1. **Random Feature Selection**:
   - In traditional decision trees, at each node, the best feature is chosen to split the data based on some criterion (like Gini impurity or information gain).
   - Decision Forests add a twist to this. Instead of allowing every feature to be considered for a split at each node, they randomly select a subset of features. This subset is then evaluated, and the best feature from this subset is used for the split.
   - This approach increases randomness, ensuring that individual trees in the forest are not just different due to bootstrapped data samples but also because of the features they consider at each decision point.

2. **De-correlation of Models**:
   - By introducing this randomness in feature selection, Decision Forests further de-correlate the individual trees. This means that the errors or biases of one tree are less likely to be replicated across the forest, leading to a more robust overall model.

3. **Reduction in Model Variance**:
   - Variance refers to how much a model's predictions might change if trained on a different set of data. High variance can lead to overfitting.
   - The increased randomization in Decision Forests means that individual trees might have higher variance, but when their predictions are aggregated, the variances tend to cancel out, leading to a model with reduced overall variance.

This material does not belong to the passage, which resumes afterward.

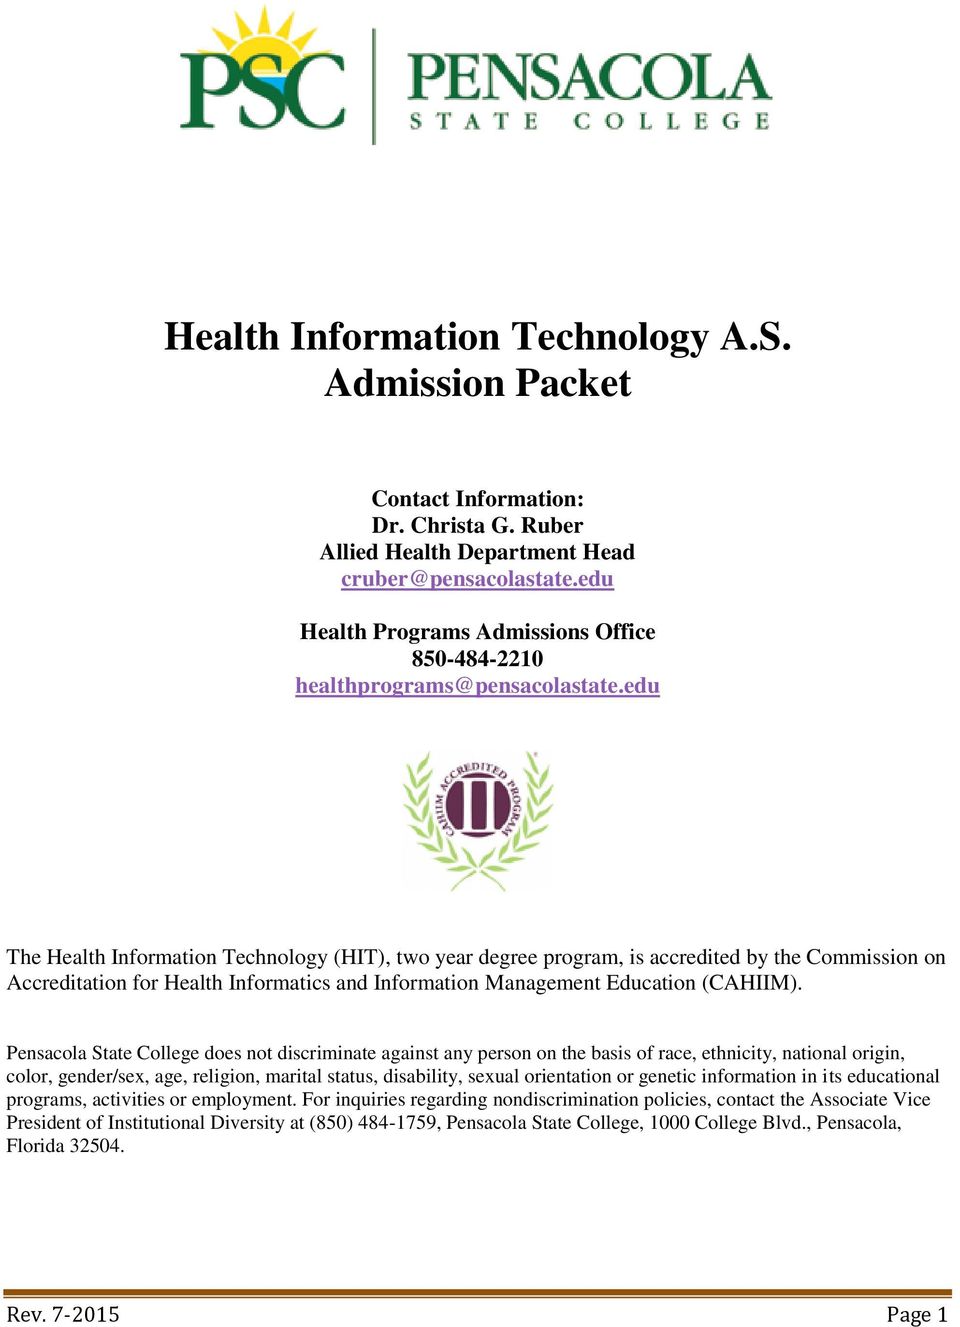 edu The Health Information Technology (HIT), two year degree program, is accredited by the Commission on Accreditation for Health Informatics and Information Management Education (CAHIIM).

4. **Increased Stability Against Feature Noise**:
   - In real-world data, not all features are equally informative. Some might contain 'noise' or irrelevant information.
   - By considering only a subset of features at each decision point, Decision Forests increase the chances that noisy features are left out in many of the splits, thus providing a natural resistance against overfitting due to such noisy features.

### Conclusion:
Decision Forests represent an advanced stage in the evolution of ensemble methods, particularly for decision trees. By introducing controlled randomness in the decision-making process, they effectively combat common pitfalls like overfitting and high variance. This ensures that the ensemble not only benefits from the wisdom of multiple models but also that each of those models brings a unique perspective, making the overall ensemble more powerful and reliable.